The night grew old, and st
ill Bernart could not get enough drink into Gabriel. Wench after wench he sent to his enemy, offering unwatered wine and ale, but though Gabriel took measure of the women, he allowed few pitchers near his tankard. And those that set down upon the rim dispensed little. It was as if he knew what was planned.
With Bernart’s guests readying to bed down, he had no choice but to take the matter into his own hands. He ordered a wench to fetch a pitcher of his finest wine and strode toward the hearth.
At his approach, Gabriel and Sir Erec looked up.
“Plotting tomorrow’s ransoms?” Bernart asked, nearly choking on his drollery.
“We do,” Sir Erec said.
Bernart inclined his head and took the chair opposite Gabriel. “You ought to be pleased with yourself, old friend.”
Gabriel’s eyebrows rose. “Ought I?”
Bernart managed a smile. “Do not your ransoms exceed all others?” Idle talk, but perhaps it would keep Gabriel seated long enough for the wine to be delivered.
“I have you to thank for that,” Gabriel said.
Though Bernart had opened himself to the remark, he did not need to be reminded of the foolishness that had cost him much.
Curse Gabriel! And curse that lazy wench! Where is she?
He glanced over his shoulder and saw her emerge from the cellar. “Ah, but as I said, next time it will be you paying me.”
Gabriel and Sir Erec started to rise.
Somehow Bernart made it to his feet first. “Join me.” He nodded at where the wench poured wine at a nearby sideboard.
Gabriel eyed him. “Hoping to get me drunk again?”
“Again?”
“The same as last eve.”
Bernart snorted. “That explains why your reflexes were so poor in tournament today.” He regretted that the moment he spoke it.
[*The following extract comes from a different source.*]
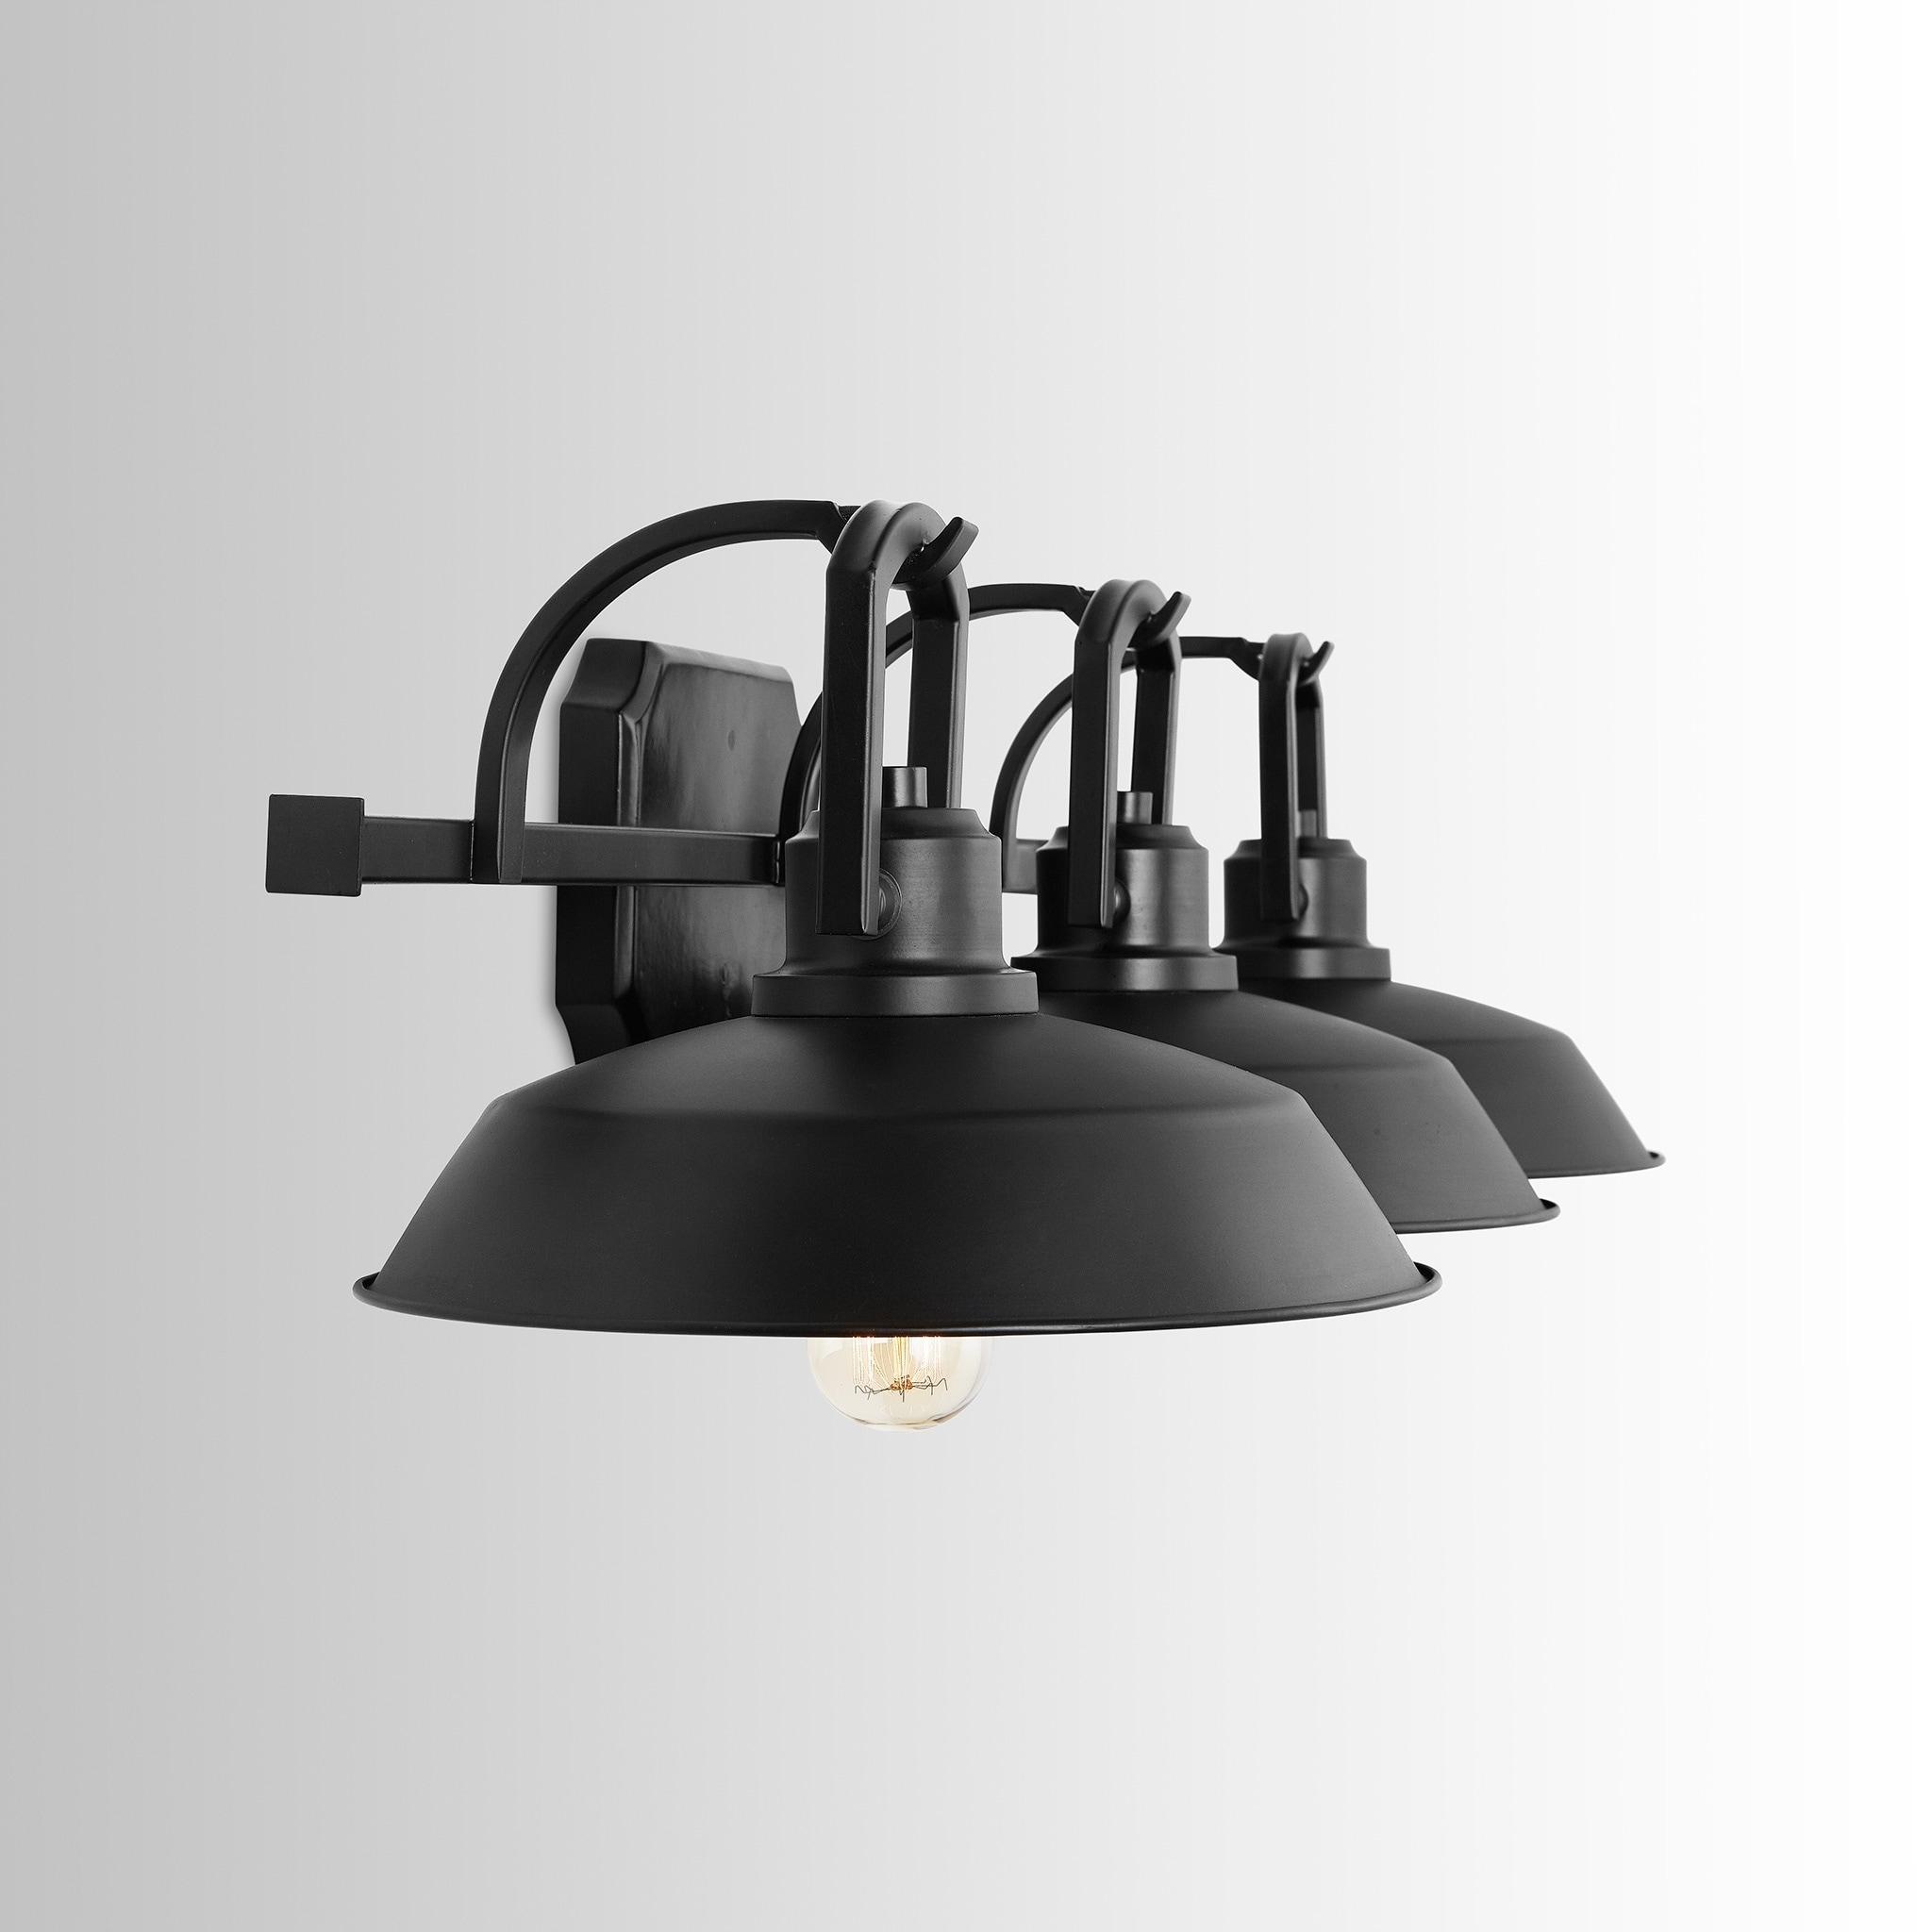 Image of: Shop Black Friday Deals On Carbon Loft Jennie 3 Light Matte Black Vanity Fixture Overstock 26284142

And wondered if he was losing his mind.
Gabriel’s wry smile spoke the words he denied his tongue, that even lamed by the after-effects of drink he could still better his old friend.
Perspiration beaded Bernart’s brow as he fought emotions that had undone him on the battlefield. “The wine is from Gascony. You will have some?” He knew how much Gabriel enjoyed French wine. If this offering did not tempt him, nothing could.